Exercise description: Copy the listing that follows exactly. Its pictures do not belong in the copy.

Raw data:
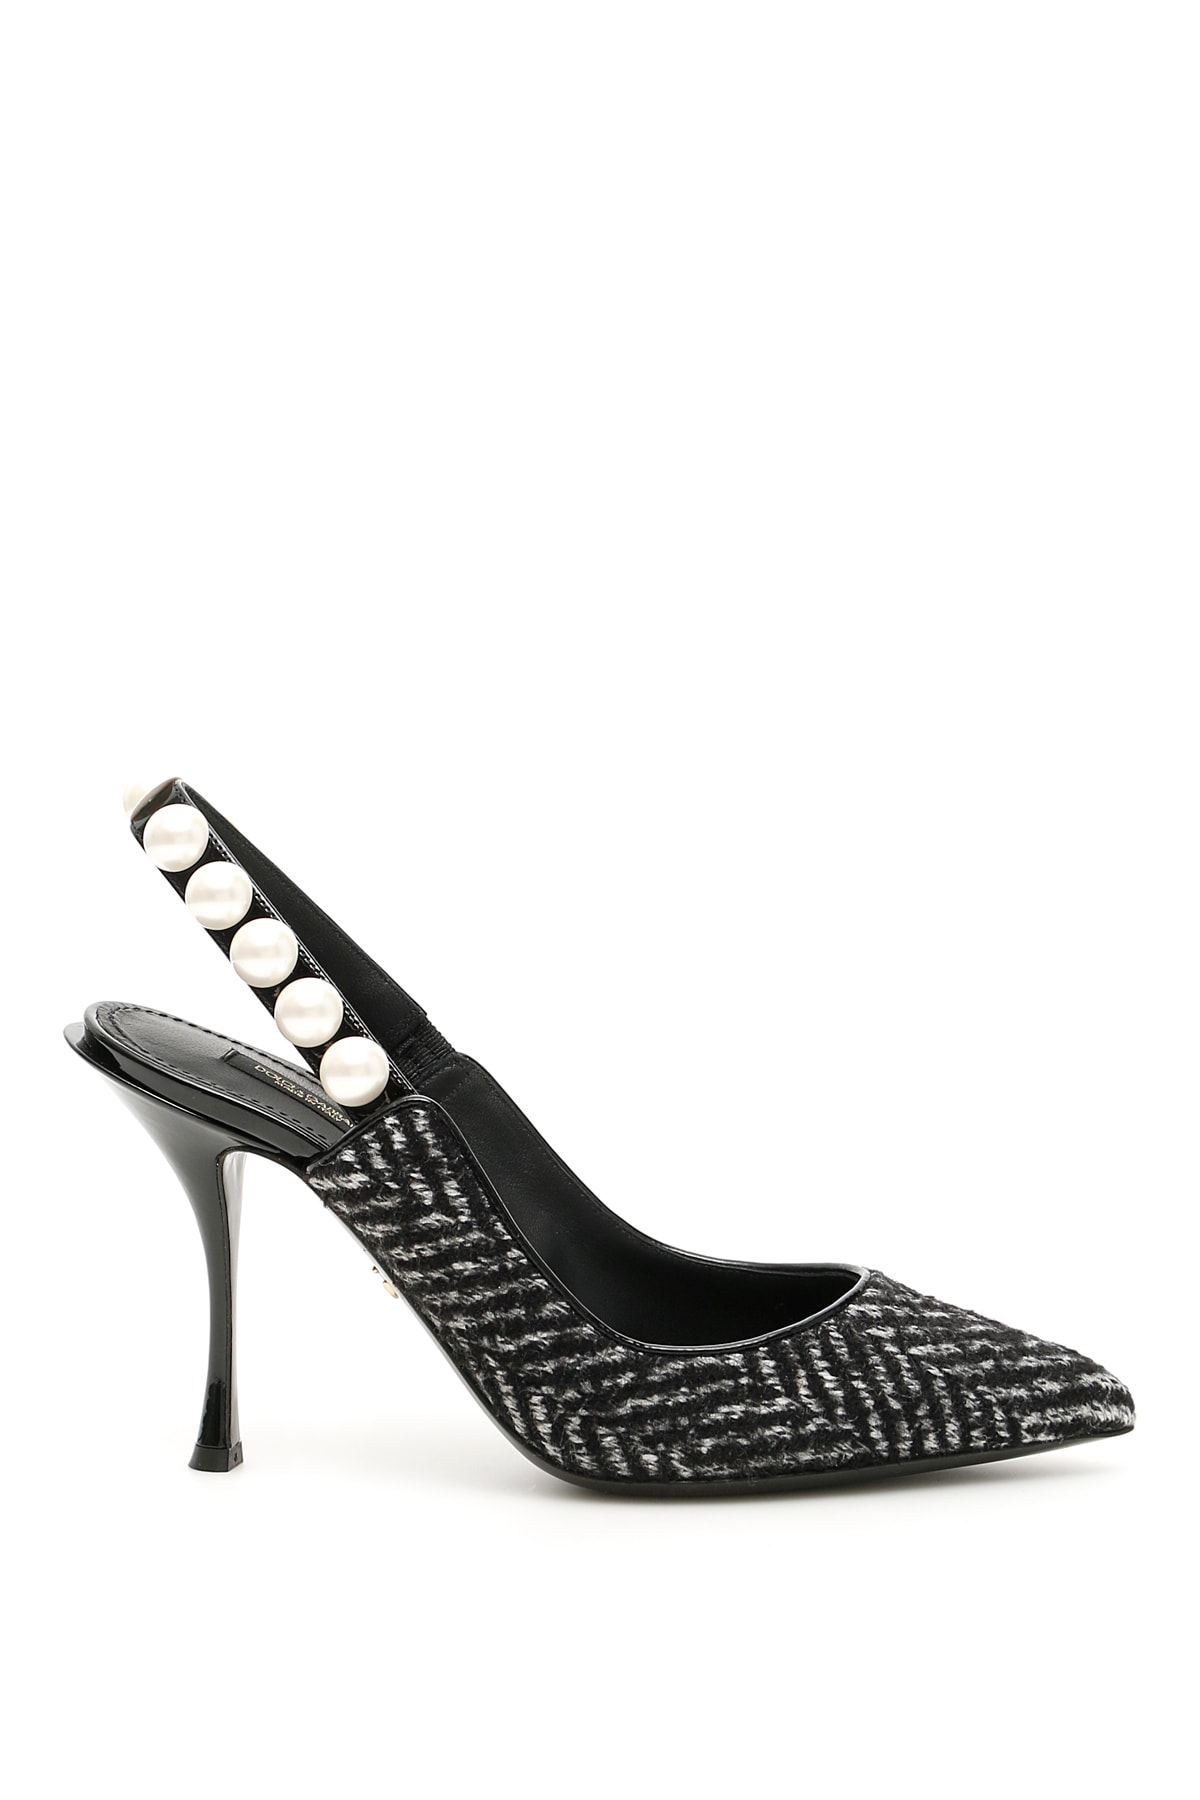 Dolce & Gabbana Lori Chevron Slingbacks With Pearls
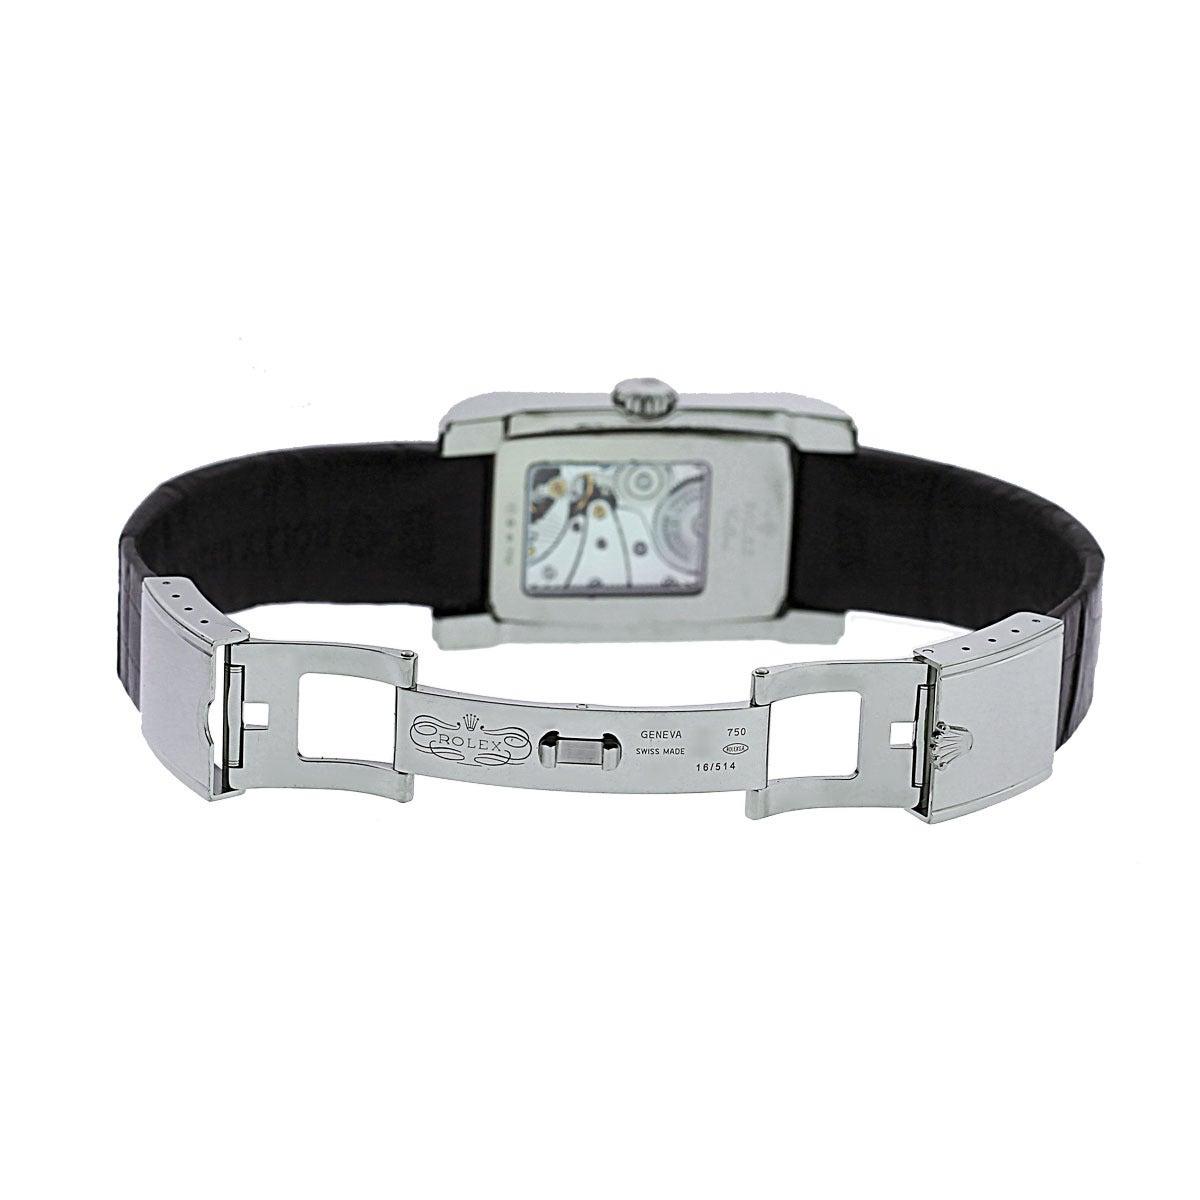 Rolex White Gold Cellini Prince Automatic Wristwatch Ref 5443/9 In Excellent Condition For Sale In Boca Raton, FL
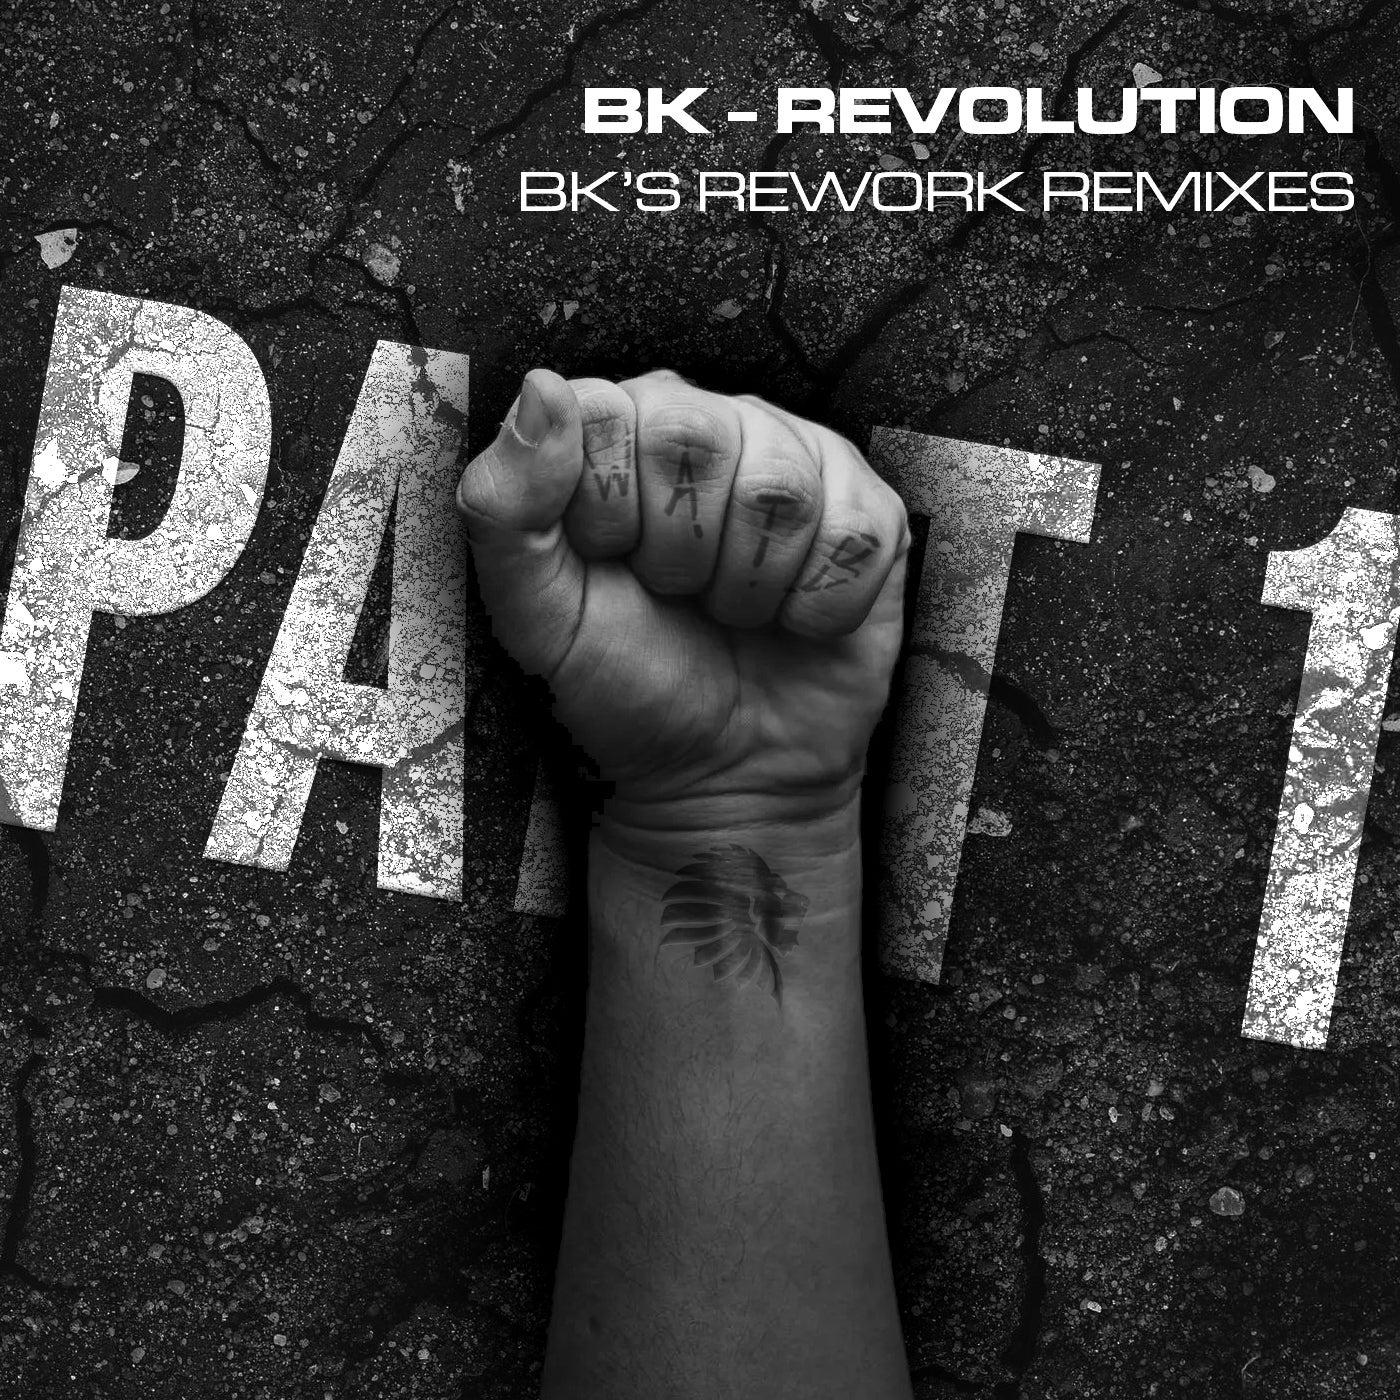 Revolution - BK's Rework (Reinier Zonneveld Remix)

Result of the exercise:
 Dolce & Gabbana Lori Chevron Slingbacks With Pearls
 Rolex White Gold Cellini Prince Automatic Wristwatch Ref 5443/9 In Excellent Condition For Sale In Boca Raton, FL
 Revolution - BK's Rework (Reinier Zonneveld Remix)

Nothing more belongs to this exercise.